What a bother all this explaining is! I wish we could get on without
it. But we can't. However, you'll all find, if you haven't found it out
already, that a time comes in every human friendship when you must go
down into the depths of yourself, and lay bare what is there to your
friend, and wait in fear for his answer. A few moments may do it; and
it may be (most likely will be, as you are English boys) that you will
never do it but once. But done it must be, if the friendship is to be
worth the name. You must find what is there, at the very root and bottom
of one another's hearts; and if you are at one there, nothing on earth
can or at least ought to sunder you.
East had remained lying down until Tom finished speaking, as if fearing
to interrupt him; he now sat up at the table, and leant his head on one
hand, taking up a pencil with the other, and working little holes with
it in the table-cover.

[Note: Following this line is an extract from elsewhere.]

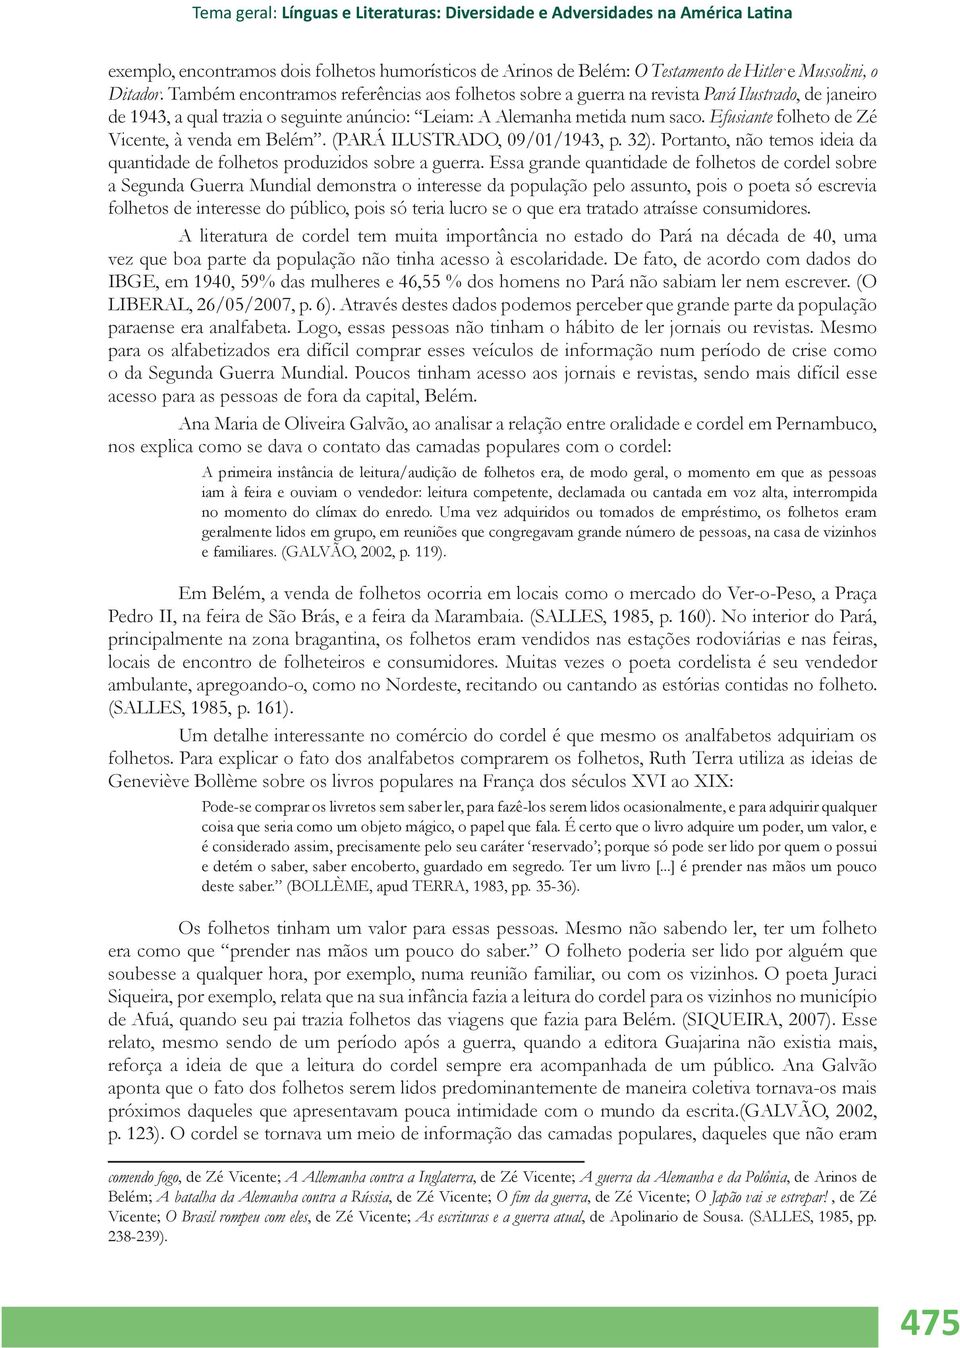 Efusiante folheto de Zé Vicente, à venda em Belém. (PARÁ ILUSTRADO, 09/01/1943, p. 32). Portanto, não temos ideia da quantidade de folhetos produzidos sobre a guerra.

After a bit he looked up, stopped the pencil,
and said, "Thank you very much, old fellow. There's no other boy in
the house would have done it for me but you or Arthur. I can see well
enough," he went on, after a pause, "all the best big fellows look on me
with suspicion; they think I'm a devil-may-care, reckless young scamp.
So I am--eleven hours out of twelve, but not the twelfth. Then all of
our contemporaries worth knowing follow suit, of course: we're very good
friends at games and all that, but not a soul of them but you and
Arthur ever tried to break through the crust, and see whether there was
anything at the bottom of me; and then the bad ones I won't stand and
they know that.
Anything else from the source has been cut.